Information provided>
......

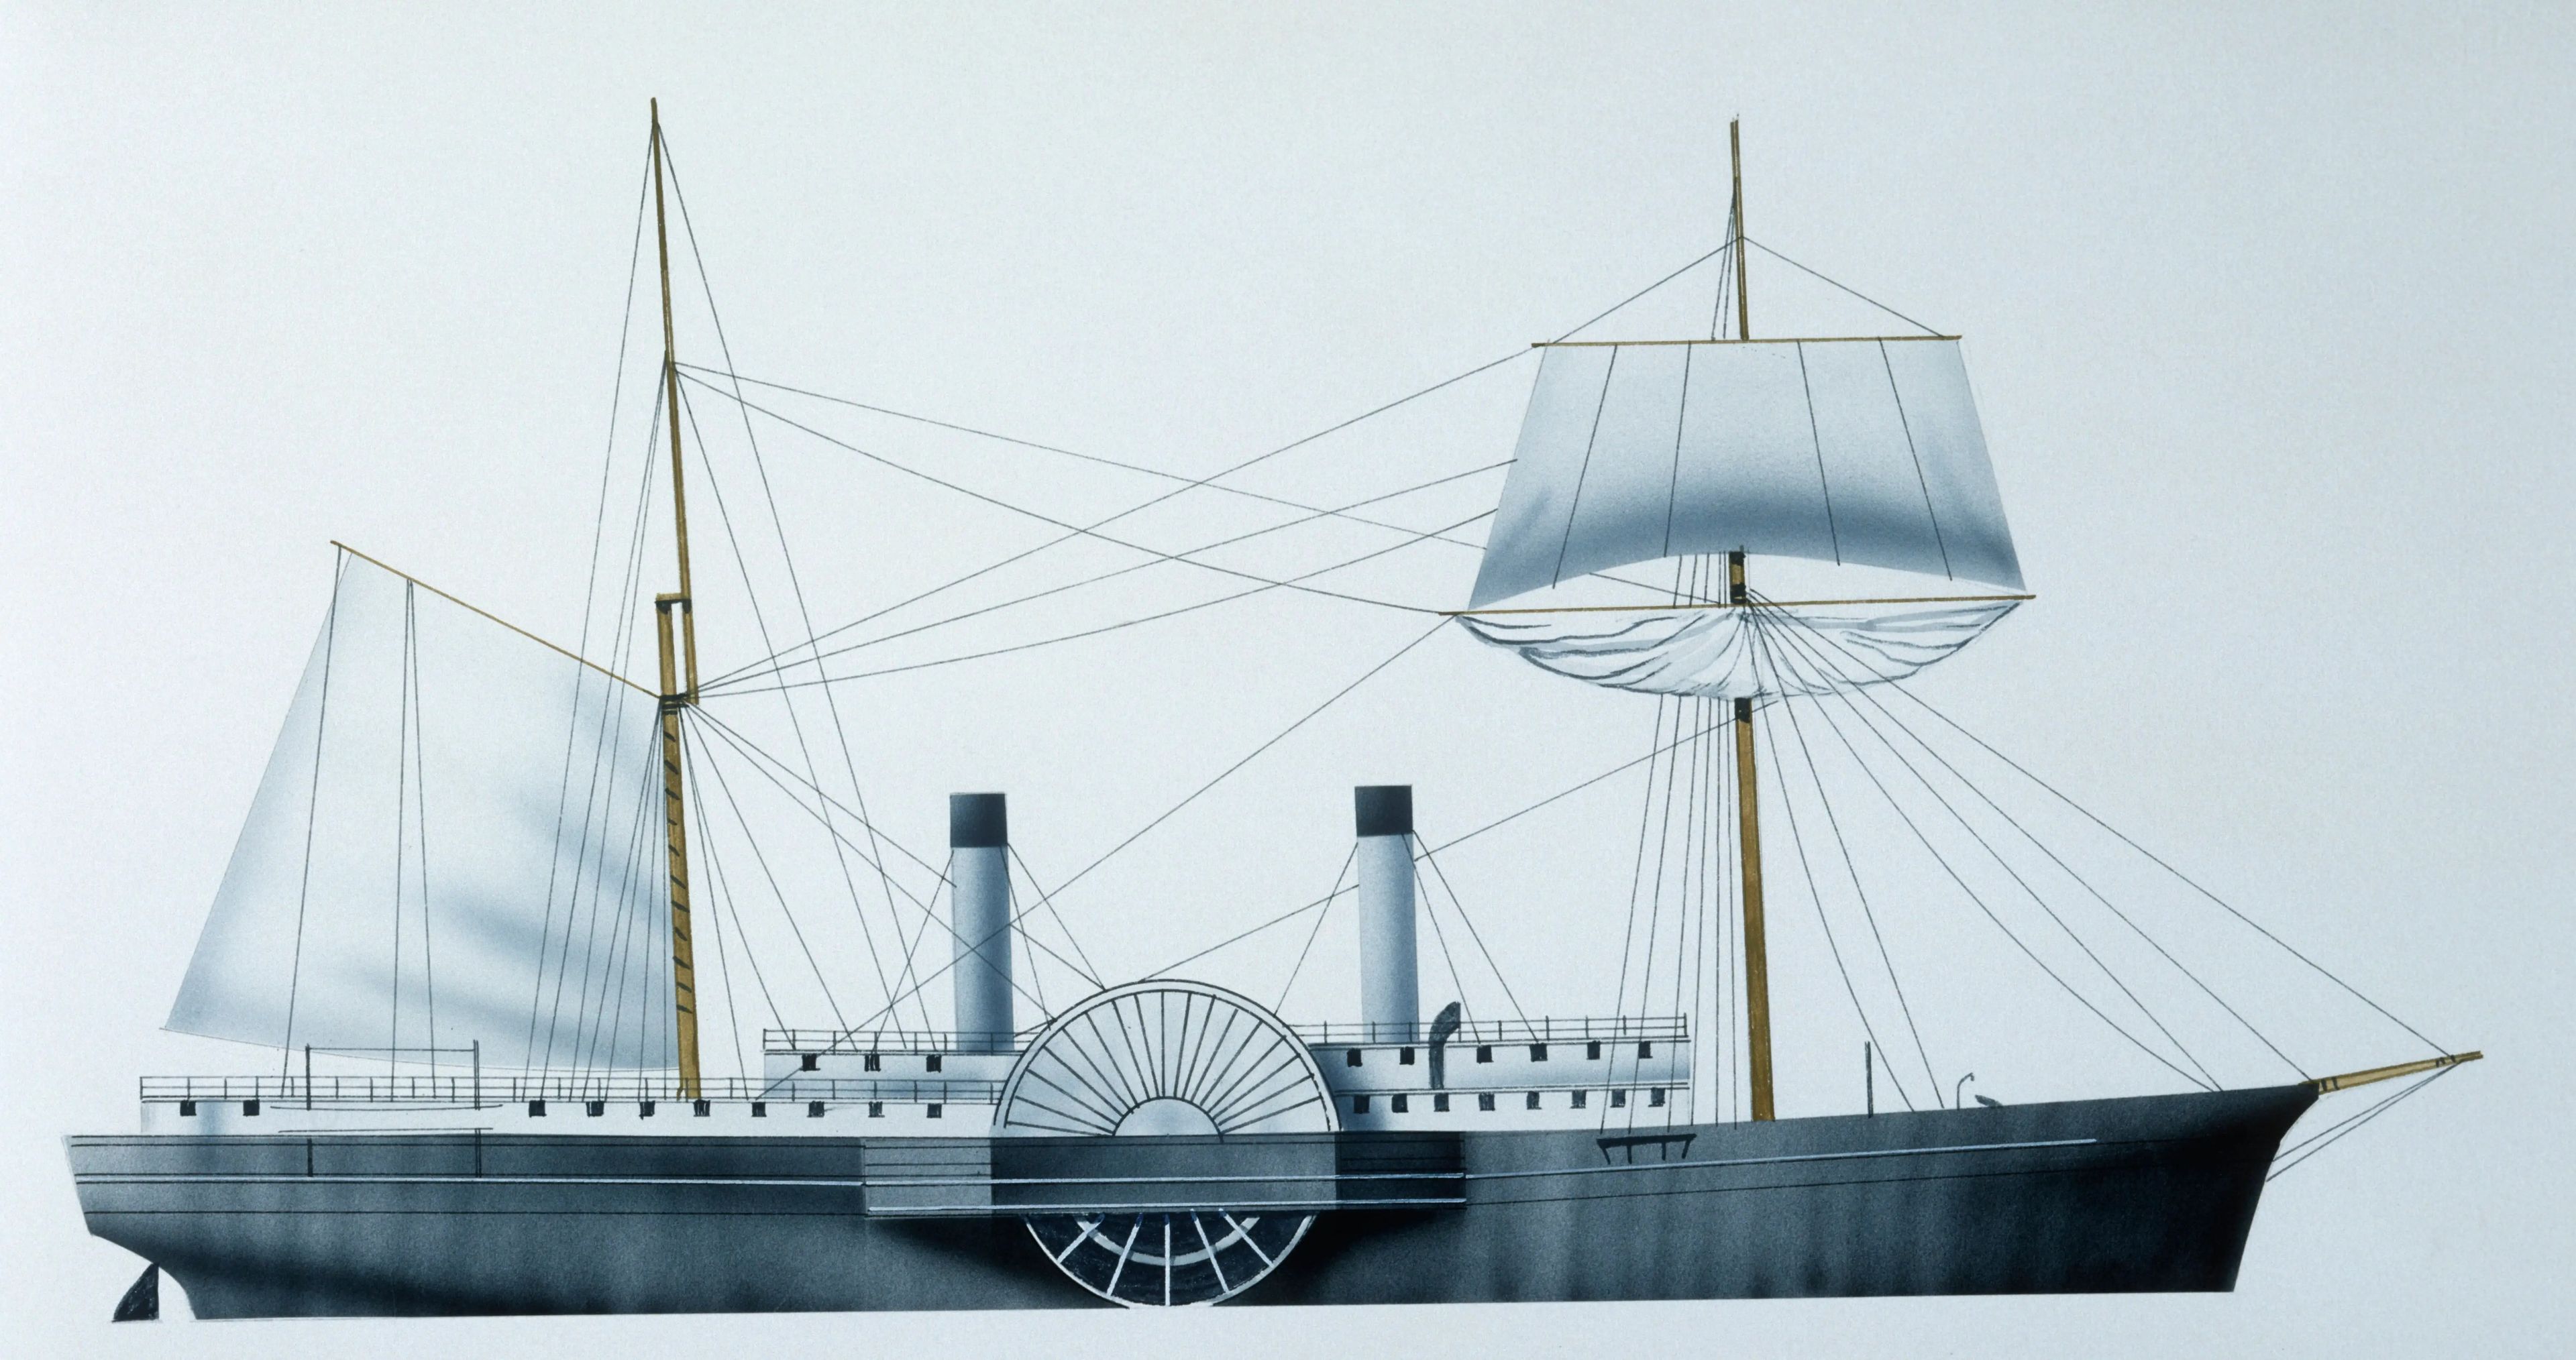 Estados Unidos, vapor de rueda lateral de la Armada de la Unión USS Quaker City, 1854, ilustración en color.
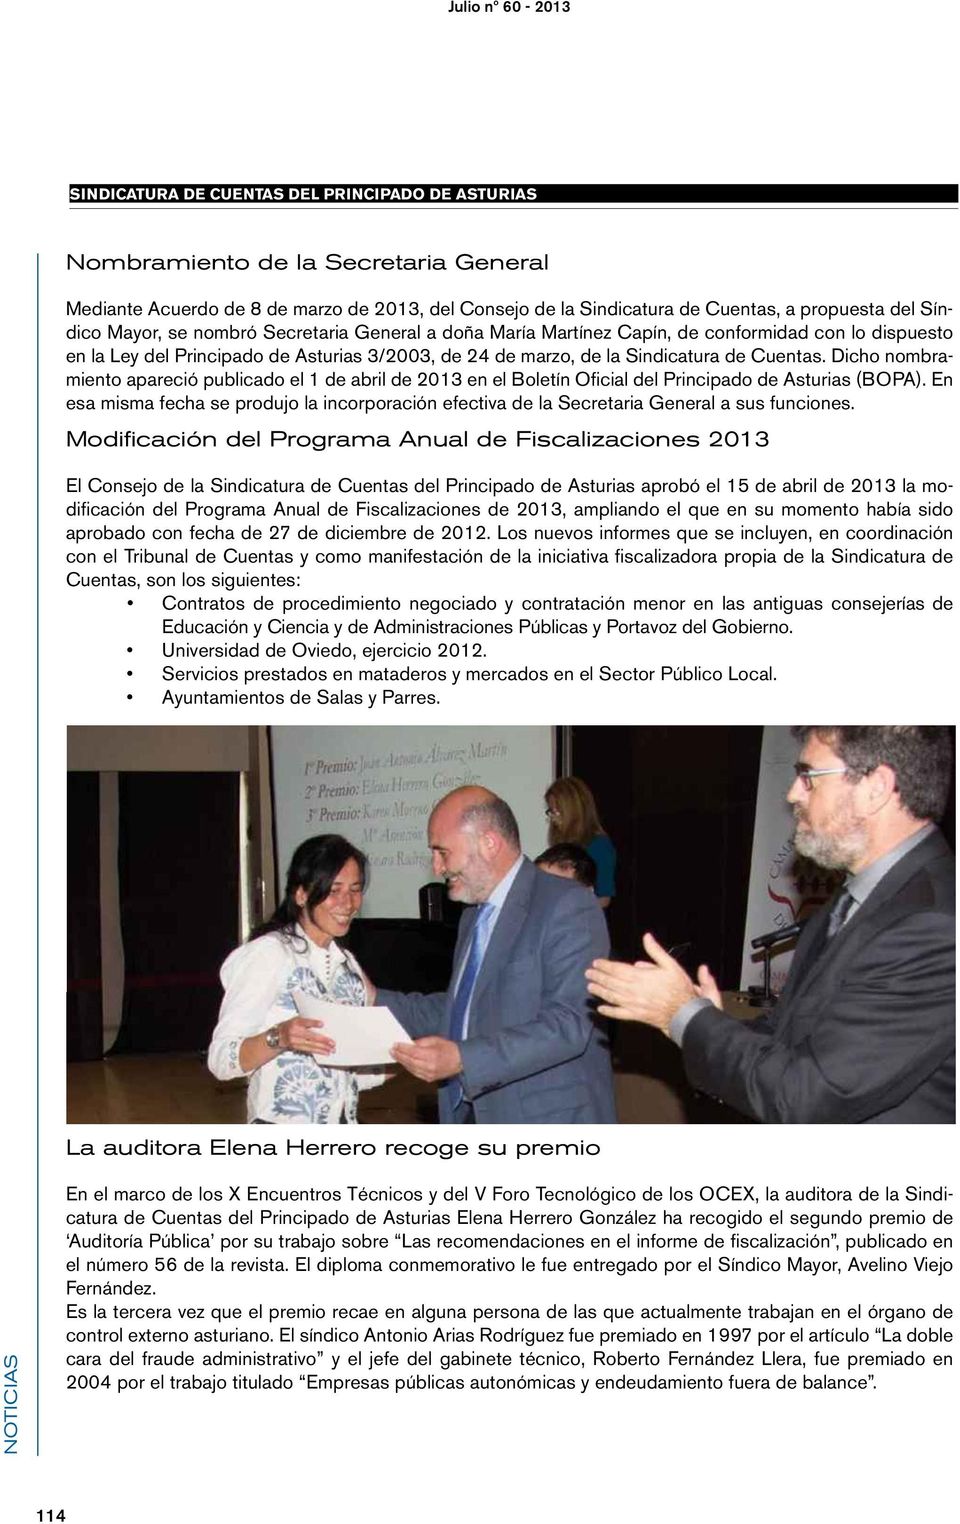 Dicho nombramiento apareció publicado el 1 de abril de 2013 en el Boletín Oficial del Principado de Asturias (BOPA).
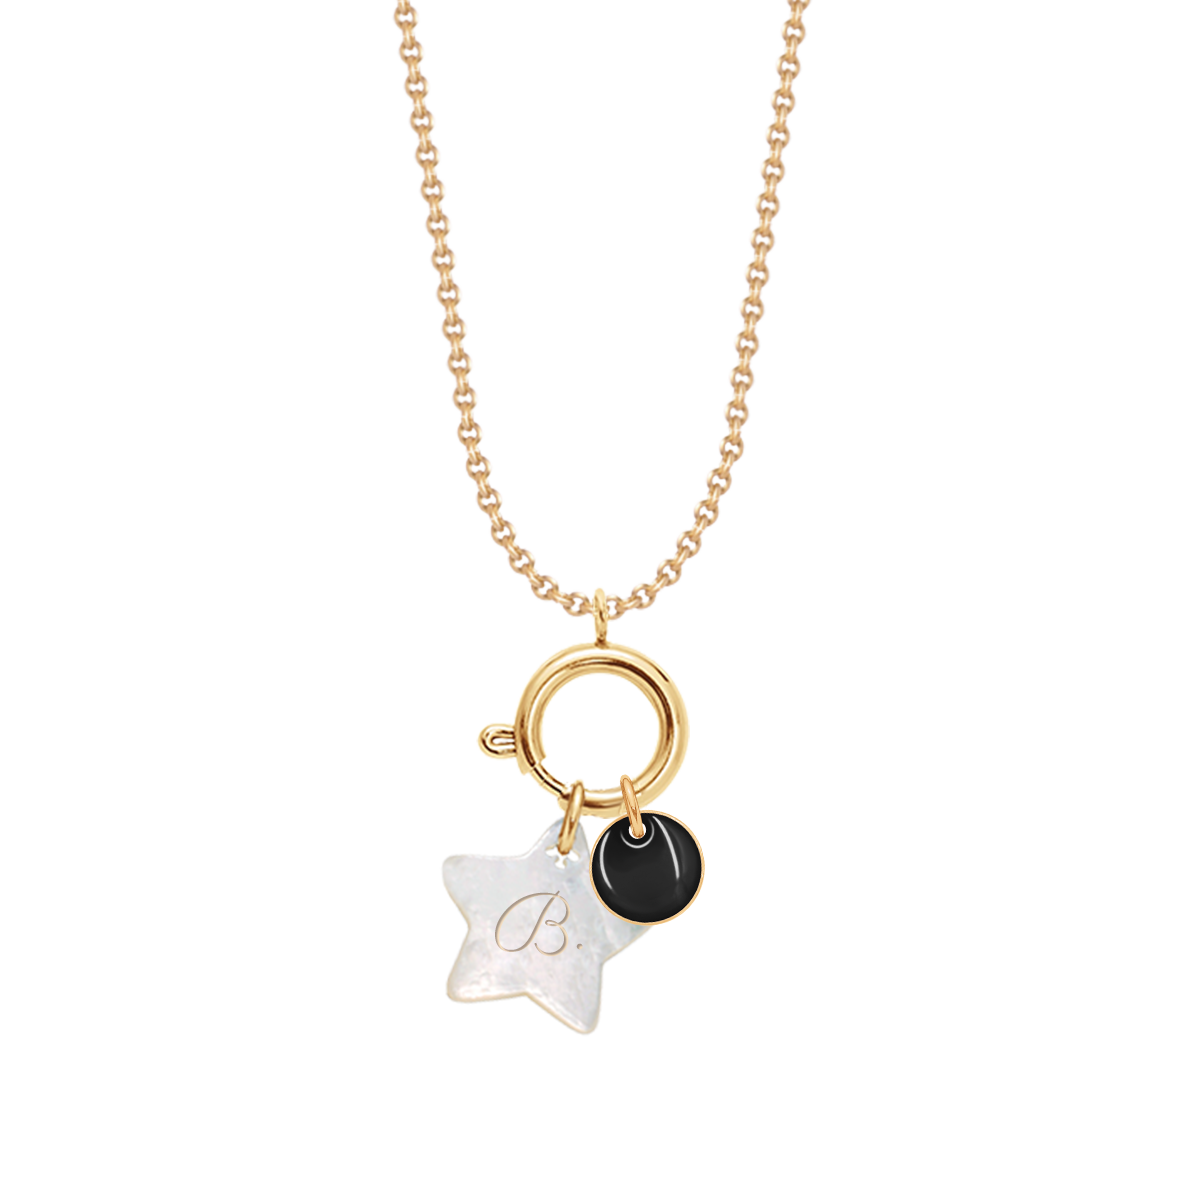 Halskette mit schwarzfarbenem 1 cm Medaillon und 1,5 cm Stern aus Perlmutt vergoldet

......

Output the complete listing exactly. Pictures stay out.

Written reply>
 Estados Unidos, vapor de rueda lateral de la Armada de la Unión USS Quaker City, 1854, ilustración en color.
 Dicho nombramiento apareció publicado el 1 de abril de 2013 en el Boletín Oficial del Principado de Asturias (BOPA).
 Halskette mit schwarzfarbenem 1 cm Medaillon und 1,5 cm Stern aus Perlmutt vergoldet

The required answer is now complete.